Pointing people to the power of their wellbeing
Time and time again we see the impact of people realising for themselves their own capacity to rise to the occasion, to handle things without stress and to be at their best more often. They are freed from the obligation of their unhelpful habits and instead get to experience their own, natural state of wellbeing and innate intelligence, which is otherwise clouded by those habits. When they see their wellbeing as an internal process, not conditional on external events they have more freedom to navigate their circumstances, whatever they are.
Knowing this is on offer for everyone, without fail, is a powerful thing. But it’s not always easy to point them to it.
In fact, our own unhelpful habits of needing to get the words right, or to ‘help’ others, can cloud our own wisdom when it comes to pointing people to it.
The people we work with frequently say, “I wish my 18 year old self had known this,” or “This would really help my kids/partner/colleague” when they start seeing how much more their minds have to offer. But they get tongue-tied when they start trying to explain it, trying to get the words right instead of transmitting the essence of what they’ve seen for themselves.
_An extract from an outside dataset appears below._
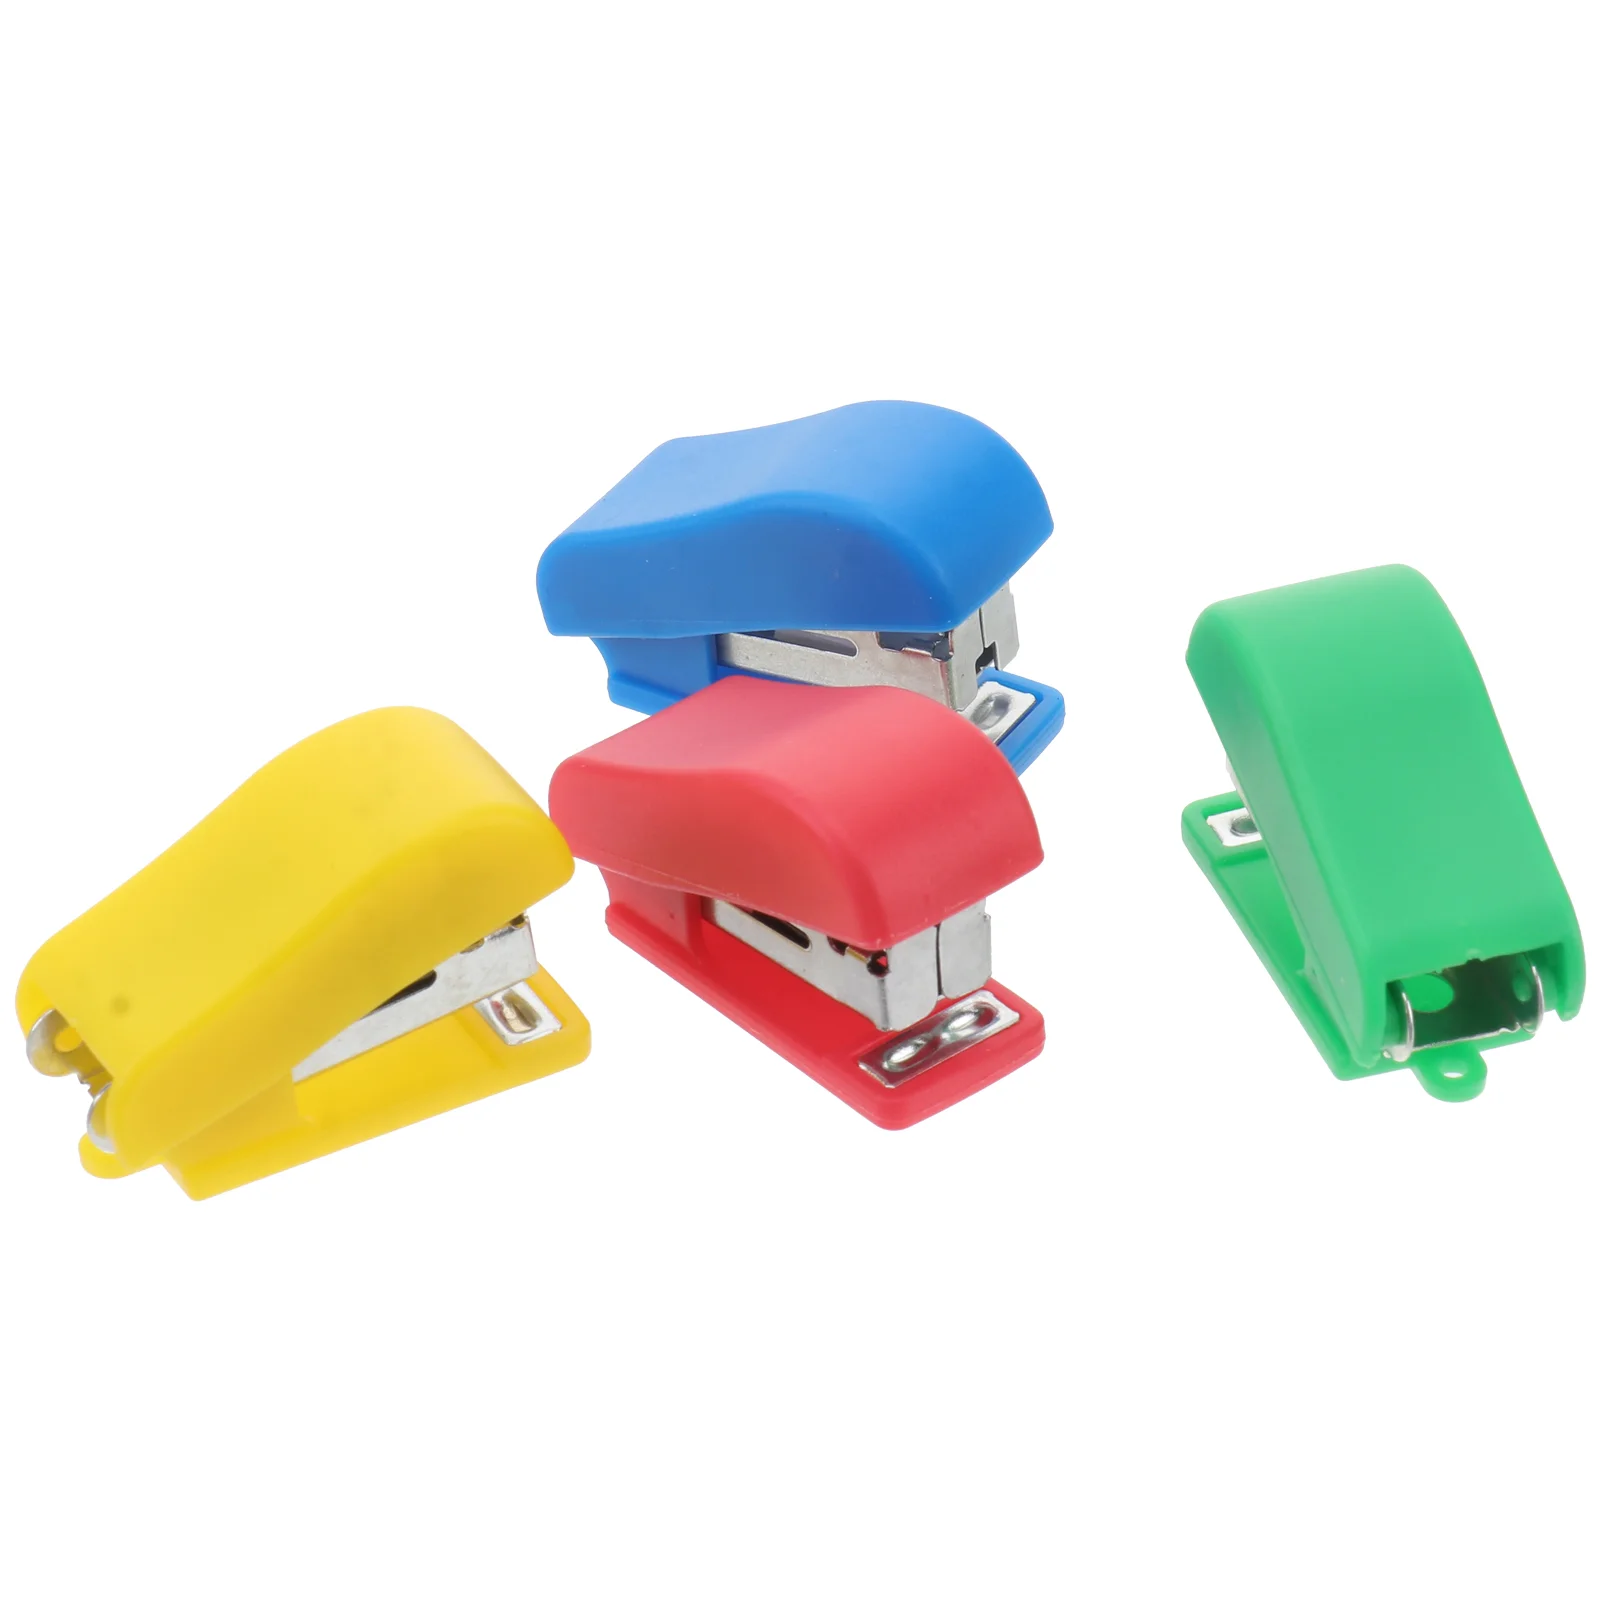 

4pcs Cartoon Mini Desktop Stapler Hand Stapler Office Home Stapler (Random Color)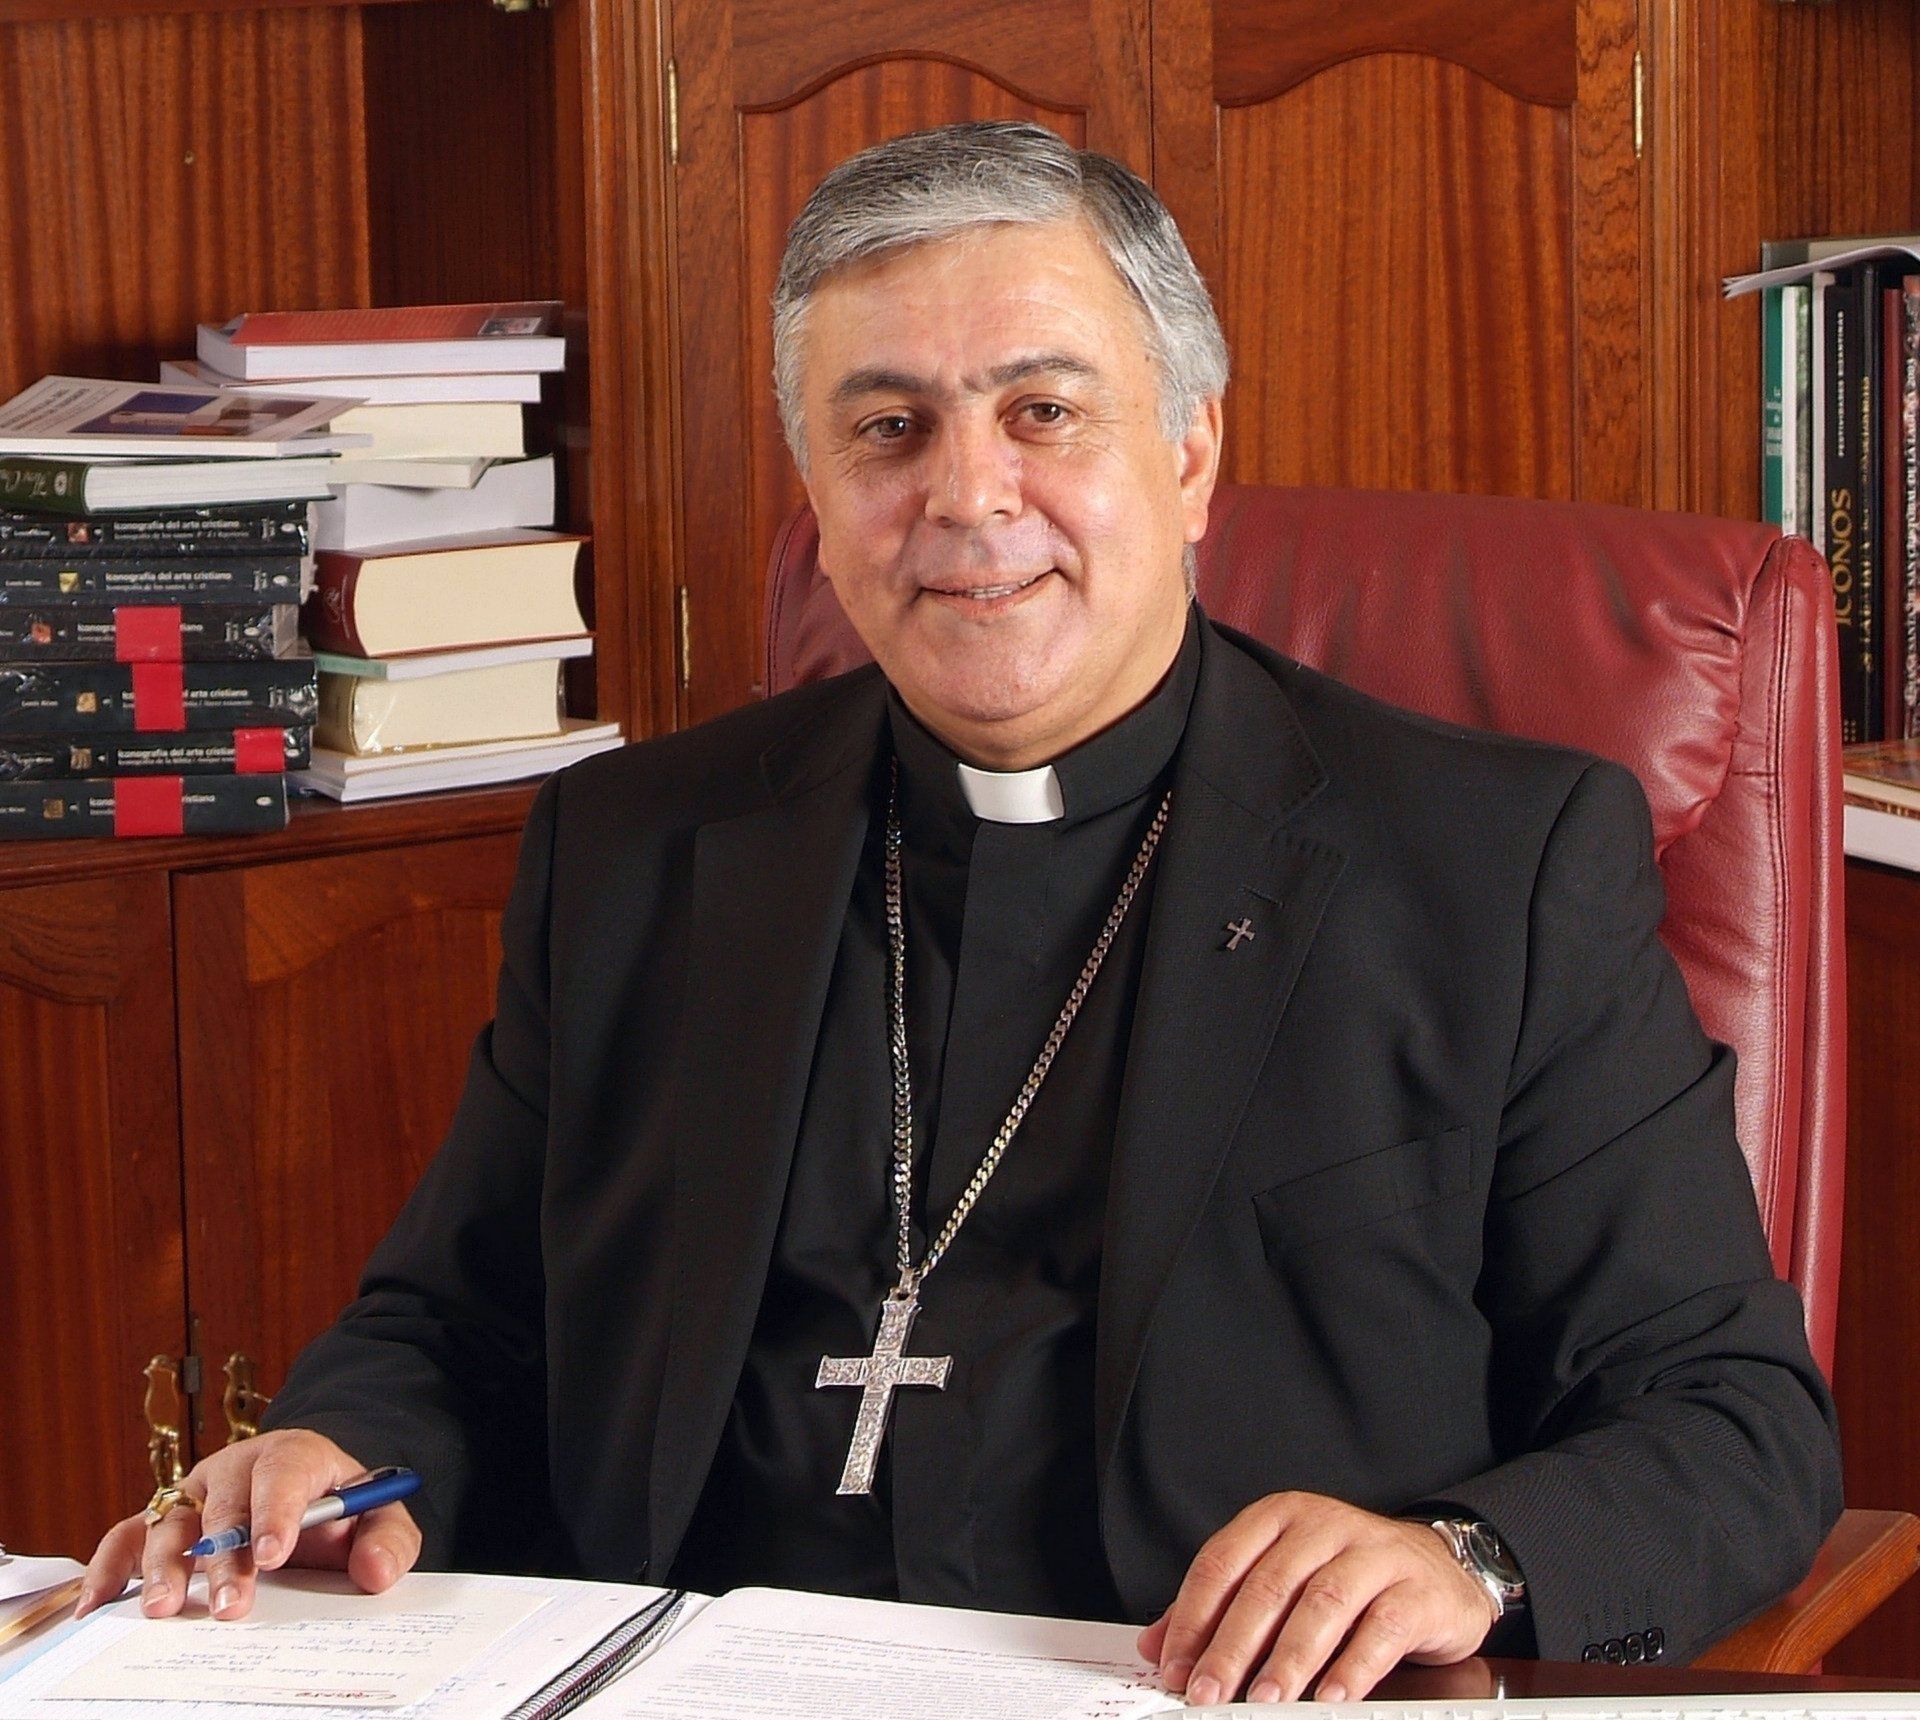 El obispo de Tenerife pide perdón a las personas LGTBI y lamenta haber

Often people get caught up in worrying whether the other person will ‘get it’ and what they will think.
They forget the magical and invisible part of the process of understanding, that the capacity to have a realisation is universal and possible in any moment, and that these realisations are the real building block of how we learn. A realisation transforms how we experience the world, it naturally moves our thinking along, and as our thinking changes so does our behaviour.
So in order for people to see this more clearly, we want them to have their own realisations, and their system will do the rest.
Age, class, cultural background and education play no part in our capacity to have realisations, which is why the impact of this understanding is universal. However the way that we point people so that they have a realisation will differ from person to person and moment to moment.
What we’re pointing to something that is really simple, but our conditioning makes it hard to see the simplicity. We use words, diagrams, metaphors and the odd model in order to signpost people so that they look where we are pointing, but the power isn’t in the words or the diagrams, the power is in the other person looking and having an insight for themselves. And our words and diagrams are just one way that we’ve found useful.